▶ **Problem description**: Output a character-exact copy of the data, images removed.

▶ **Data below**:
====================

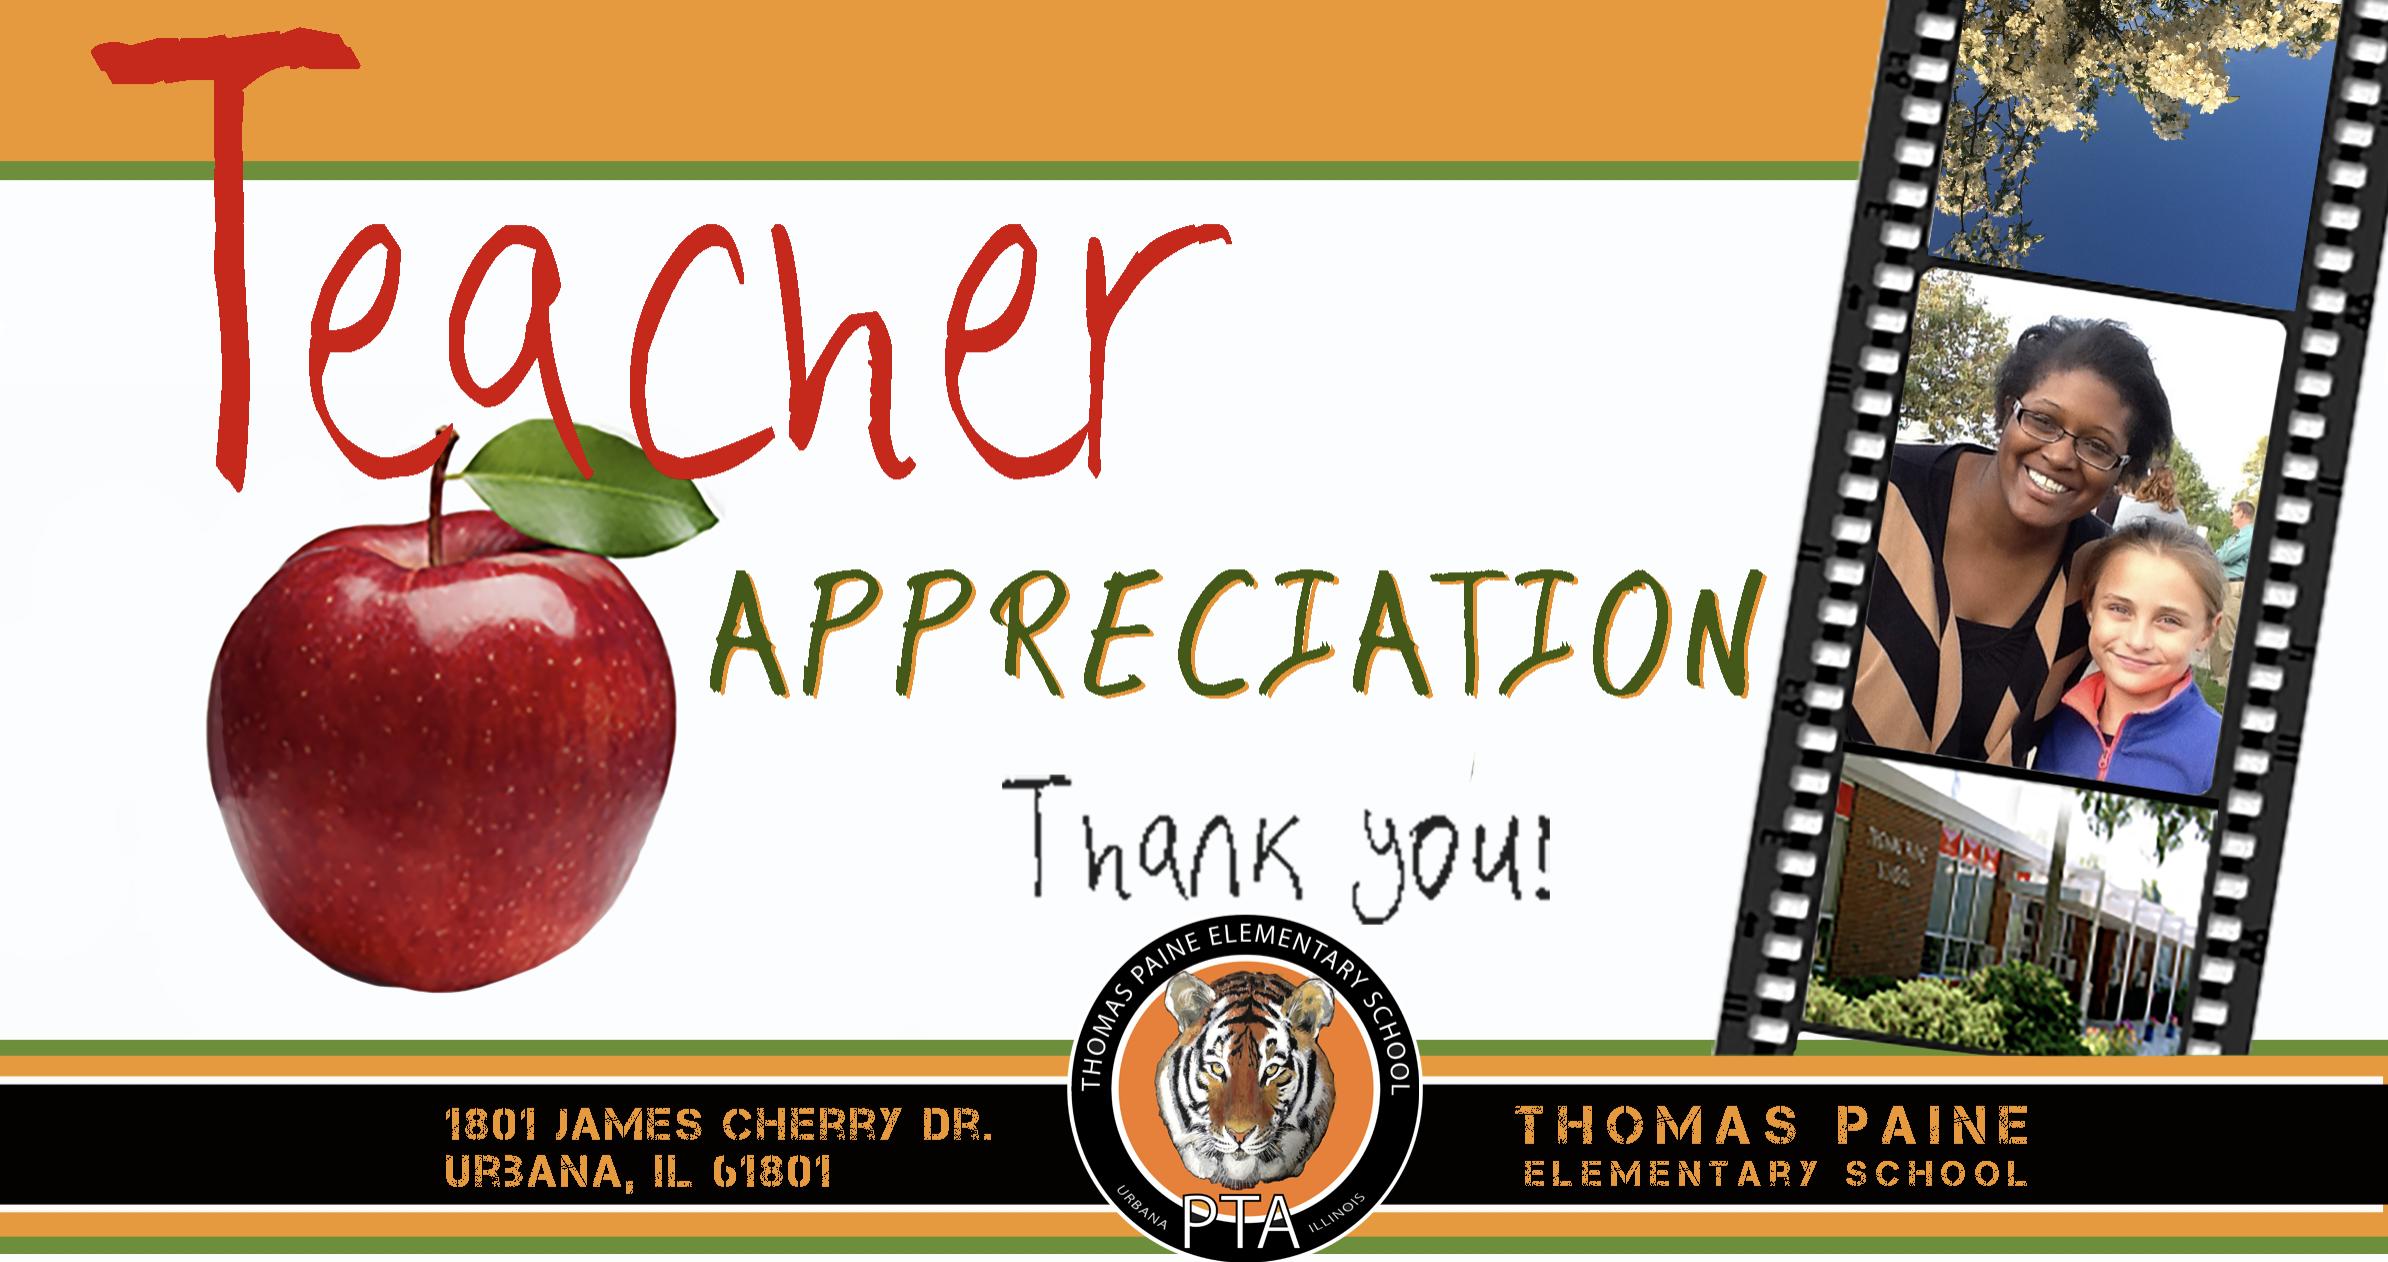 Thomas Paine Elementary School Urbana IL teacher appreciation week by Ganna Sheyko Anna Art Design
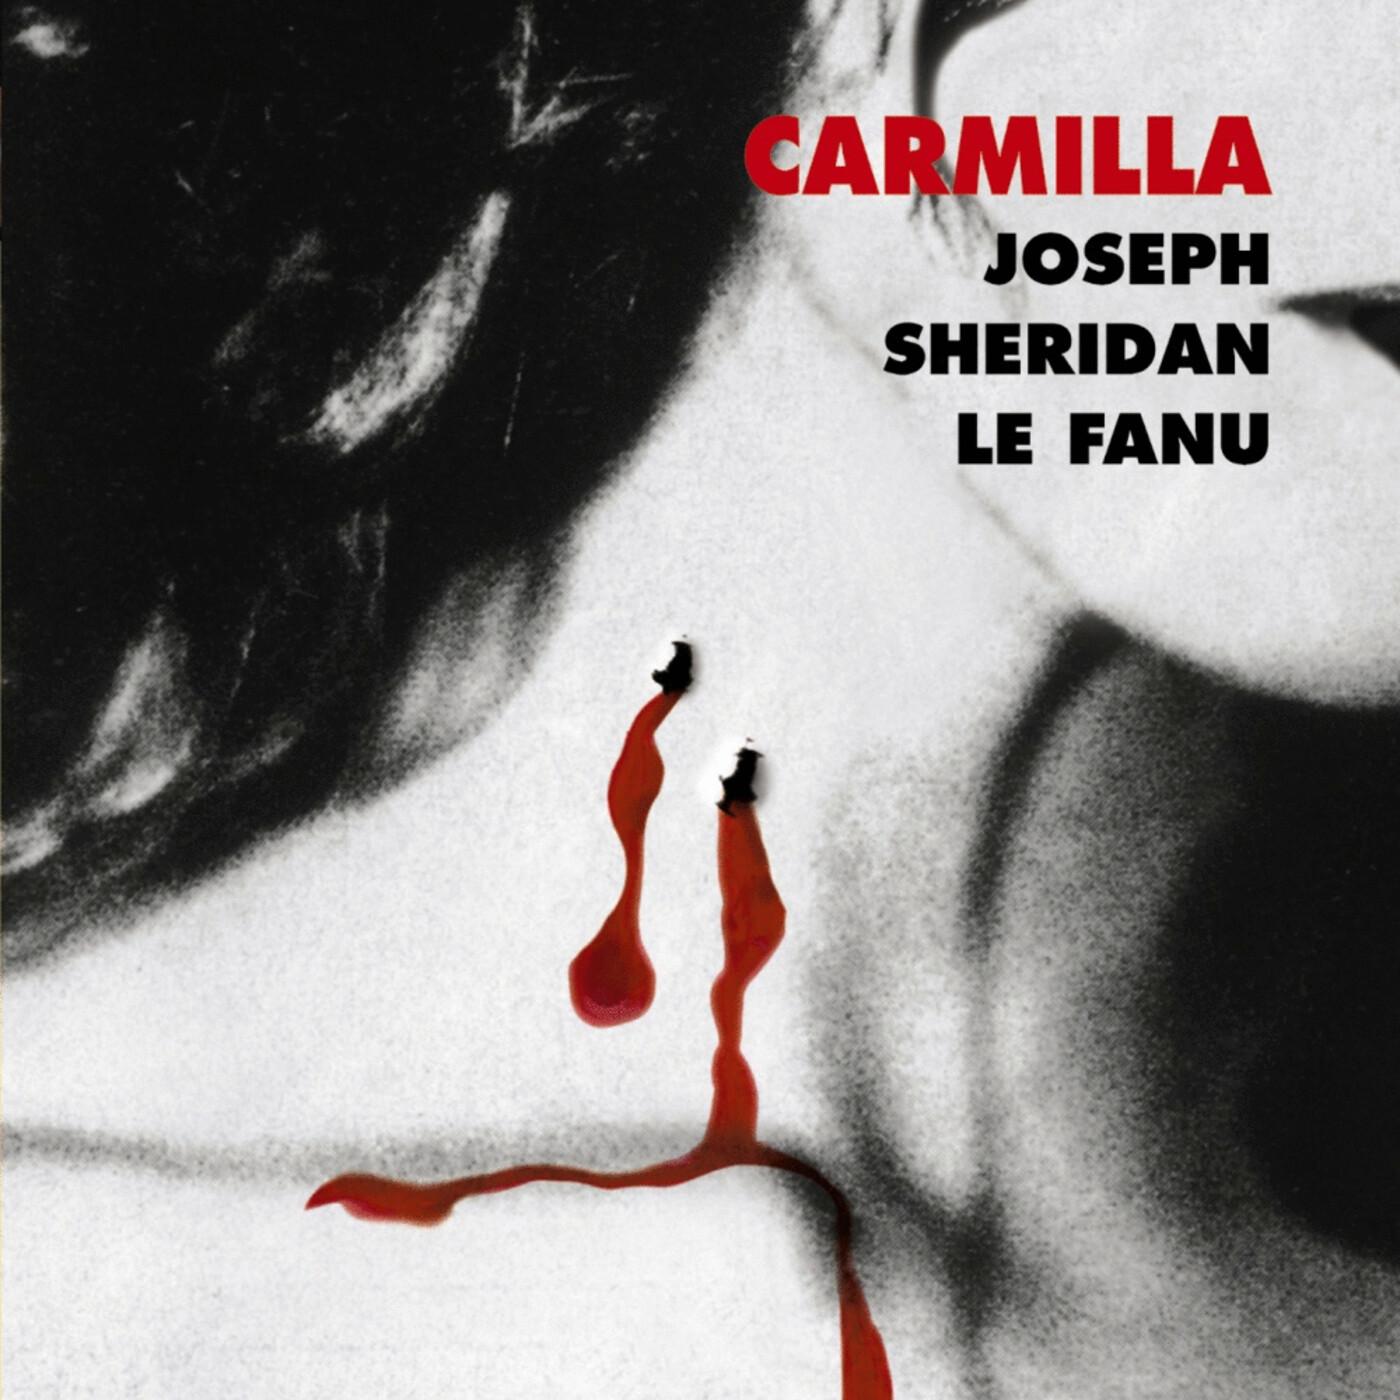 AVANCE - AUDIOLIBRO - Carmilla by Joseph Sheridan Le Fanu
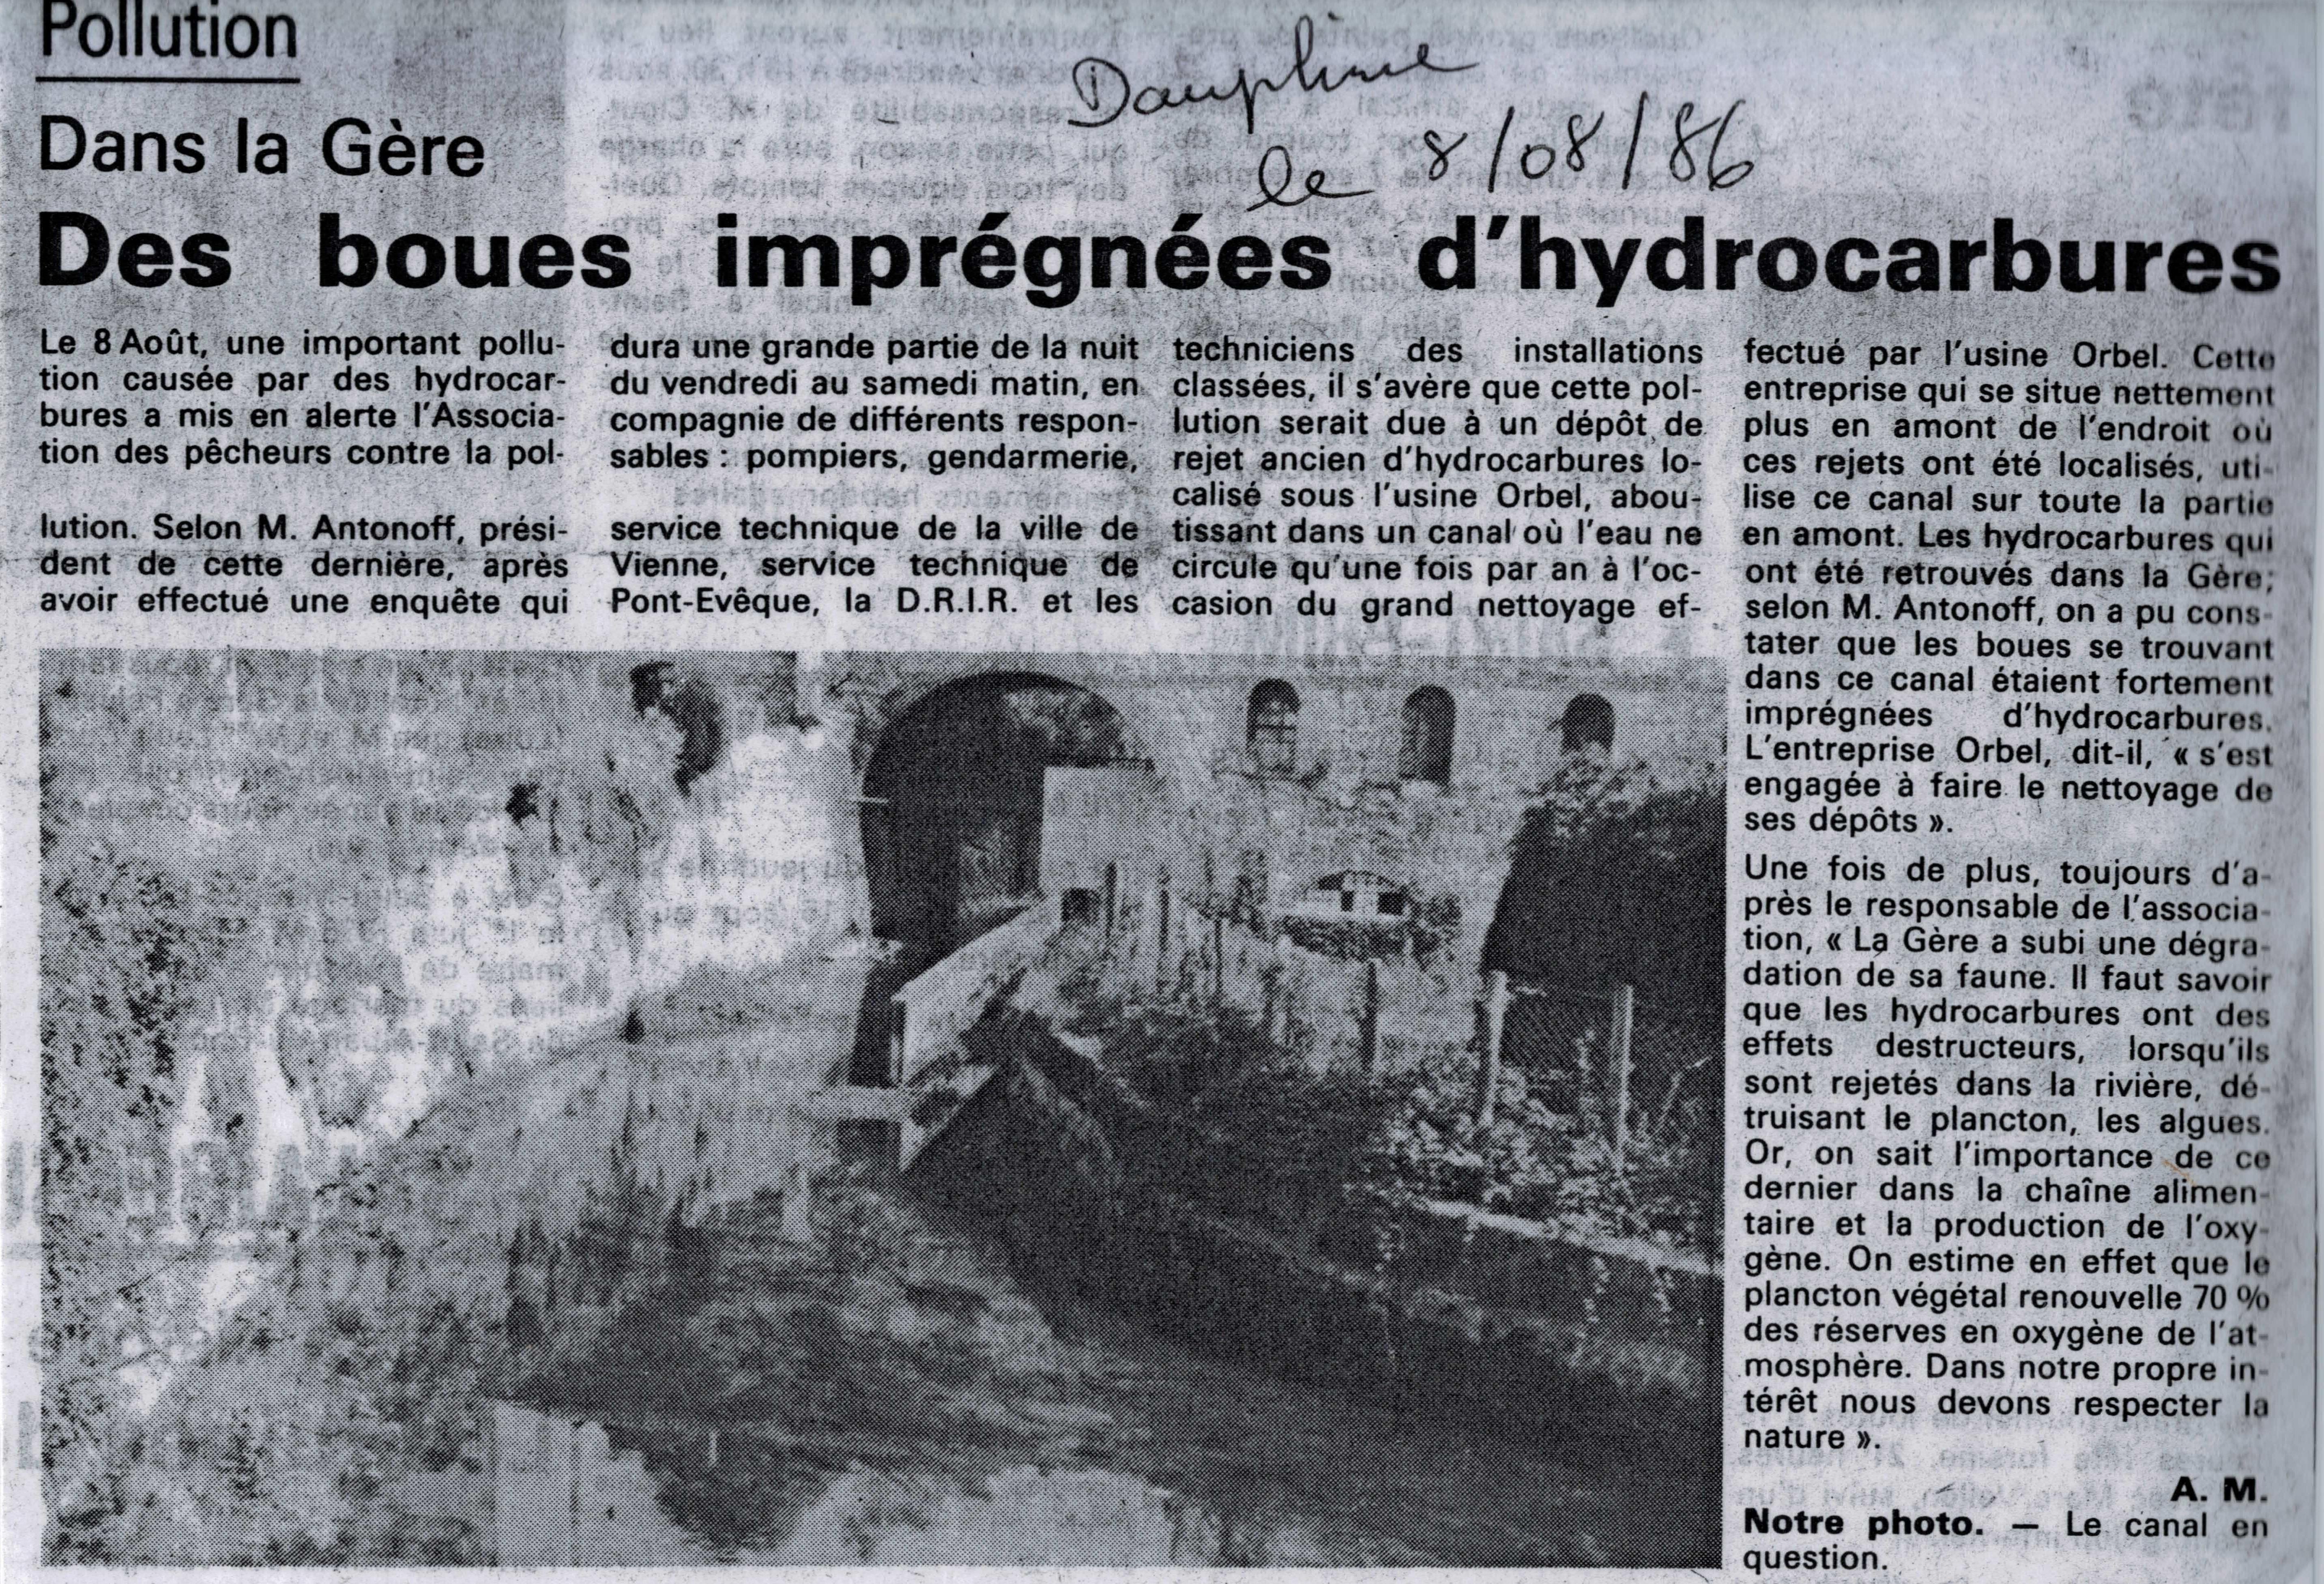 Dauphiné 08-08-1986

====================

▶ **Result**:
 Thomas Paine Elementary School Urbana IL teacher appreciation week by Ganna Sheyko Anna Art Design
 AVANCE - AUDIOLIBRO - Carmilla by Joseph Sheridan Le Fanu
 Dauphiné 08-08-1986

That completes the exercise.